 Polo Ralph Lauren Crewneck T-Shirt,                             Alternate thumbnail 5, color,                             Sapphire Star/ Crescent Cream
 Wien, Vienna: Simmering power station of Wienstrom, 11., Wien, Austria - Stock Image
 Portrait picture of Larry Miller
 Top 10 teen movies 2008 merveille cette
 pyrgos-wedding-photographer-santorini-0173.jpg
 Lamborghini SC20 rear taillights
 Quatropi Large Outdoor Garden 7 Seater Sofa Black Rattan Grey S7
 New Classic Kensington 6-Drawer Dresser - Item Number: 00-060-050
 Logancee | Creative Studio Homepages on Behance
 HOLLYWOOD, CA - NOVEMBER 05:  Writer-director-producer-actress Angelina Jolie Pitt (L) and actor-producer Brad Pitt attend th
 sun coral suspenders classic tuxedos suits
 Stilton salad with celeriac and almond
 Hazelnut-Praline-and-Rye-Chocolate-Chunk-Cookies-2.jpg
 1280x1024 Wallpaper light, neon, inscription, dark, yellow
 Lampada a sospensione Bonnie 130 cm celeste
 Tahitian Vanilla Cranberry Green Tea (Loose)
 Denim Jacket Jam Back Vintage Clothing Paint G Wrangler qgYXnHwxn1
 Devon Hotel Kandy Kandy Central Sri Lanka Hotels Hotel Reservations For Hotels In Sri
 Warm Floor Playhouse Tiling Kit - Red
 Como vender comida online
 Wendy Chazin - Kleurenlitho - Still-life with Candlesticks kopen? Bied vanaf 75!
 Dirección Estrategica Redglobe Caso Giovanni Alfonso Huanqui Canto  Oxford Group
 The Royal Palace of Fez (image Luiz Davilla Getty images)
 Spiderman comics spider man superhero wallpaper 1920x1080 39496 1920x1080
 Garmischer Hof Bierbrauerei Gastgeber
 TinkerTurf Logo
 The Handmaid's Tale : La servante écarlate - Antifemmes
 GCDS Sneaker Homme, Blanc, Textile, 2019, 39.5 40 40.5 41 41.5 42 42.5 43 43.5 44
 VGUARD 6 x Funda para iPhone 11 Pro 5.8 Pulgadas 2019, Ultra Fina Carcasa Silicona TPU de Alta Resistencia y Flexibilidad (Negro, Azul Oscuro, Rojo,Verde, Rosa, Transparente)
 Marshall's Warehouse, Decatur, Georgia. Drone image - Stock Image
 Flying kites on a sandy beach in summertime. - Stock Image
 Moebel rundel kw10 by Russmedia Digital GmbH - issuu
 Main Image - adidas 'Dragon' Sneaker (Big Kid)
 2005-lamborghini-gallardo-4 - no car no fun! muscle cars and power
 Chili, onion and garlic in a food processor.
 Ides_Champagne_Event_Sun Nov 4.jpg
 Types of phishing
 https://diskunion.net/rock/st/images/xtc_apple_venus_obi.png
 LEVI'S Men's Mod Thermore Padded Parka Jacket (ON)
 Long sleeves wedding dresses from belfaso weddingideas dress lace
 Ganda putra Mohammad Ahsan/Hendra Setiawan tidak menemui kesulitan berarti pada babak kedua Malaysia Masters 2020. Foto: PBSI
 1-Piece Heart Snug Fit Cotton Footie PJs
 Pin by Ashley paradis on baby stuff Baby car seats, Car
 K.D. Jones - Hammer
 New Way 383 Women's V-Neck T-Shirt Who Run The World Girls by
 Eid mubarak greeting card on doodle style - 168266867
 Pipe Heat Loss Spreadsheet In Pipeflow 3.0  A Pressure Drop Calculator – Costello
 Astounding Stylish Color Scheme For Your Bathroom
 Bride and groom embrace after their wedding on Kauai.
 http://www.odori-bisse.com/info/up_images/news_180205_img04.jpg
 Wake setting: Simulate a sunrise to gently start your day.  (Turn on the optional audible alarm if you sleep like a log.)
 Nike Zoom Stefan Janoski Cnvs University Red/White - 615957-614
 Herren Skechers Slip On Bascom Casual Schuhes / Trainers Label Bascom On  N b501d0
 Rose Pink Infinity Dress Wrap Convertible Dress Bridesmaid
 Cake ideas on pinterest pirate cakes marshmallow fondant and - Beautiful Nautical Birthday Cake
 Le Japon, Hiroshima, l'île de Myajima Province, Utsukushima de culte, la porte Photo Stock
+===+
Assignment:
Whatever appears in the material must be set down again, word for word.

Task response:
 Polo Ralph Lauren Crewneck T-Shirt,                             Alternate thumbnail 5, color,                             Sapphire Star/ Crescent Cream
 Wien, Vienna: Simmering power station of Wienstrom, 11., Wien, Austria - Stock Image
 Portrait picture of Larry Miller
 Top 10 teen movies 2008 merveille cette
 pyrgos-wedding-photographer-santorini-0173.jpg
 Lamborghini SC20 rear taillights
 Quatropi Large Outdoor Garden 7 Seater Sofa Black Rattan Grey S7
 New Classic Kensington 6-Drawer Dresser - Item Number: 00-060-050
 Logancee | Creative Studio Homepages on Behance
 HOLLYWOOD, CA - NOVEMBER 05:  Writer-director-producer-actress Angelina Jolie Pitt (L) and actor-producer Brad Pitt attend th
 sun coral suspenders classic tuxedos suits
 Stilton salad with celeriac and almond
 Hazelnut-Praline-and-Rye-Chocolate-Chunk-Cookies-2.jpg
 1280x1024 Wallpaper light, neon, inscription, dark, yellow
 Lampada a sospensione Bonnie 130 cm celeste
 Tahitian Vanilla Cranberry Green Tea (Loose)
 Denim Jacket Jam Back Vintage Clothing Paint G Wrangler qgYXnHwxn1
 Devon Hotel Kandy Kandy Central Sri Lanka Hotels Hotel Reservations For Hotels In Sri
 Warm Floor Playhouse Tiling Kit - Red
 Como vender comida online
 Wendy Chazin - Kleurenlitho - Still-life with Candlesticks kopen? Bied vanaf 75!
 Dirección Estrategica Redglobe Caso Giovanni Alfonso Huanqui Canto  Oxford Group
 The Royal Palace of Fez (image Luiz Davilla Getty images)
 Spiderman comics spider man superhero wallpaper 1920x1080 39496 1920x1080
 Garmischer Hof Bierbrauerei Gastgeber
 TinkerTurf Logo
 The Handmaid's Tale : La servante écarlate - Antifemmes
 GCDS Sneaker Homme, Blanc, Textile, 2019, 39.5 40 40.5 41 41.5 42 42.5 43 43.5 44
 VGUARD 6 x Funda para iPhone 11 Pro 5.8 Pulgadas 2019, Ultra Fina Carcasa Silicona TPU de Alta Resistencia y Flexibilidad (Negro, Azul Oscuro, Rojo,Verde, Rosa, Transparente)
 Marshall's Warehouse, Decatur, Georgia. Drone image - Stock Image
 Flying kites on a sandy beach in summertime. - Stock Image
 Moebel rundel kw10 by Russmedia Digital GmbH - issuu
 Main Image - adidas 'Dragon' Sneaker (Big Kid)
 2005-lamborghini-gallardo-4 - no car no fun! muscle cars and power
 Chili, onion and garlic in a food processor.
 Ides_Champagne_Event_Sun Nov 4.jpg
 Types of phishing
 https://diskunion.net/rock/st/images/xtc_apple_venus_obi.png
 LEVI'S Men's Mod Thermore Padded Parka Jacket (ON)
 Long sleeves wedding dresses from belfaso weddingideas dress lace
 Ganda putra Mohammad Ahsan/Hendra Setiawan tidak menemui kesulitan berarti pada babak kedua Malaysia Masters 2020. Foto: PBSI
 1-Piece Heart Snug Fit Cotton Footie PJs
 Pin by Ashley paradis on baby stuff Baby car seats, Car
 K.D. Jones - Hammer
 New Way 383 Women's V-Neck T-Shirt Who Run The World Girls by
 Eid mubarak greeting card on doodle style - 168266867
 Pipe Heat Loss Spreadsheet In Pipeflow 3.0  A Pressure Drop Calculator – Costello
 Astounding Stylish Color Scheme For Your Bathroom
 Bride and groom embrace after their wedding on Kauai.
 http://www.odori-bisse.com/info/up_images/news_180205_img04.jpg
 Wake setting: Simulate a sunrise to gently start your day.  (Turn on the optional audible alarm if you sleep like a log.)
 Nike Zoom Stefan Janoski Cnvs University Red/White - 615957-614
 Herren Skechers Slip On Bascom Casual Schuhes / Trainers Label Bascom On  N b501d0
 Rose Pink Infinity Dress Wrap Convertible Dress Bridesmaid
 Cake ideas on pinterest pirate cakes marshmallow fondant and - Beautiful Nautical Birthday Cake
 Le Japon, Hiroshima, l'île de Myajima Province, Utsukushima de culte, la porte Photo Stock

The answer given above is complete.